Input data:
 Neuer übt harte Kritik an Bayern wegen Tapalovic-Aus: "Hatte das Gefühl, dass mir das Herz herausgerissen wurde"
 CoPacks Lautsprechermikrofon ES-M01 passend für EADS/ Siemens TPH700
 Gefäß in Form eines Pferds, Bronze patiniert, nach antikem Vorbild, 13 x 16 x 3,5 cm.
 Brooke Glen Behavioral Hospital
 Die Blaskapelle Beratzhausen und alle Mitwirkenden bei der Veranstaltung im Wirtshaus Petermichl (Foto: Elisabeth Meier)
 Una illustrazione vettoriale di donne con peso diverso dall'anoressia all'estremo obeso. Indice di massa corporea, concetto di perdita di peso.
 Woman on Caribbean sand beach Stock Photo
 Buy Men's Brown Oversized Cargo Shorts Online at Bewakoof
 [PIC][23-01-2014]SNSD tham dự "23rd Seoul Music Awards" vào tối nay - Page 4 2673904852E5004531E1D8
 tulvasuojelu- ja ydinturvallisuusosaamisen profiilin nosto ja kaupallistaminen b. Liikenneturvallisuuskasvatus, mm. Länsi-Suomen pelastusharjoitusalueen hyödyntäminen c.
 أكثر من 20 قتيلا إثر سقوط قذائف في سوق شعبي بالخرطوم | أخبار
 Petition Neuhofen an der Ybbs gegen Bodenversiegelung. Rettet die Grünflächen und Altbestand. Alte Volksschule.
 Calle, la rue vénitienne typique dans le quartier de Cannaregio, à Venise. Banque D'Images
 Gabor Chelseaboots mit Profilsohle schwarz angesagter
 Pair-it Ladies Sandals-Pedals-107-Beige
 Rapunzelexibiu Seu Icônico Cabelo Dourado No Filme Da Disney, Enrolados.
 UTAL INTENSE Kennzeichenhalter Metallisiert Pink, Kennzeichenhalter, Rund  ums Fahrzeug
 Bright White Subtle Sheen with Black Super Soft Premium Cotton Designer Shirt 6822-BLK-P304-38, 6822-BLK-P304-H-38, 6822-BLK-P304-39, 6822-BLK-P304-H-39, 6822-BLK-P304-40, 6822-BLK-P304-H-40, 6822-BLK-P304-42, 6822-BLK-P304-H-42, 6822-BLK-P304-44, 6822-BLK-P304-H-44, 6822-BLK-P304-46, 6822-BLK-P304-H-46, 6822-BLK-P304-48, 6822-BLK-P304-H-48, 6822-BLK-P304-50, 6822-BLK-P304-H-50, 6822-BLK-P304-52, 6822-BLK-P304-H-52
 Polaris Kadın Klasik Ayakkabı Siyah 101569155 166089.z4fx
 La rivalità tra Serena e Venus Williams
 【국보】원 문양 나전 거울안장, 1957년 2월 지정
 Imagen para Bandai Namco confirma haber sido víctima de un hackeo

Exercise goal:
Above is a listing; print exactly its lines from the one with "Brooke Glen Behavioral Hospital" through the one with "Polaris Kadın Klasik", and no other lines.

Result below:
 Brooke Glen Behavioral Hospital
 Die Blaskapelle Beratzhausen und alle Mitwirkenden bei der Veranstaltung im Wirtshaus Petermichl (Foto: Elisabeth Meier)
 Una illustrazione vettoriale di donne con peso diverso dall'anoressia all'estremo obeso. Indice di massa corporea, concetto di perdita di peso.
 Woman on Caribbean sand beach Stock Photo
 Buy Men's Brown Oversized Cargo Shorts Online at Bewakoof
 [PIC][23-01-2014]SNSD tham dự "23rd Seoul Music Awards" vào tối nay - Page 4 2673904852E5004531E1D8
 tulvasuojelu- ja ydinturvallisuusosaamisen profiilin nosto ja kaupallistaminen b. Liikenneturvallisuuskasvatus, mm. Länsi-Suomen pelastusharjoitusalueen hyödyntäminen c.
 أكثر من 20 قتيلا إثر سقوط قذائف في سوق شعبي بالخرطوم | أخبار
 Petition Neuhofen an der Ybbs gegen Bodenversiegelung. Rettet die Grünflächen und Altbestand. Alte Volksschule.
 Calle, la rue vénitienne typique dans le quartier de Cannaregio, à Venise. Banque D'Images
 Gabor Chelseaboots mit Profilsohle schwarz angesagter
 Pair-it Ladies Sandals-Pedals-107-Beige
 Rapunzelexibiu Seu Icônico Cabelo Dourado No Filme Da Disney, Enrolados.
 UTAL INTENSE Kennzeichenhalter Metallisiert Pink, Kennzeichenhalter, Rund  ums Fahrzeug
 Bright White Subtle Sheen with Black Super Soft Premium Cotton Designer Shirt 6822-BLK-P304-38, 6822-BLK-P304-H-38, 6822-BLK-P304-39, 6822-BLK-P304-H-39, 6822-BLK-P304-40, 6822-BLK-P304-H-40, 6822-BLK-P304-42, 6822-BLK-P304-H-42, 6822-BLK-P304-44, 6822-BLK-P304-H-44, 6822-BLK-P304-46, 6822-BLK-P304-H-46, 6822-BLK-P304-48, 6822-BLK-P304-H-48, 6822-BLK-P304-50, 6822-BLK-P304-H-50, 6822-BLK-P304-52, 6822-BLK-P304-H-52
 Polaris Kadın Klasik Ayakkabı Siyah 101569155 166089.z4fx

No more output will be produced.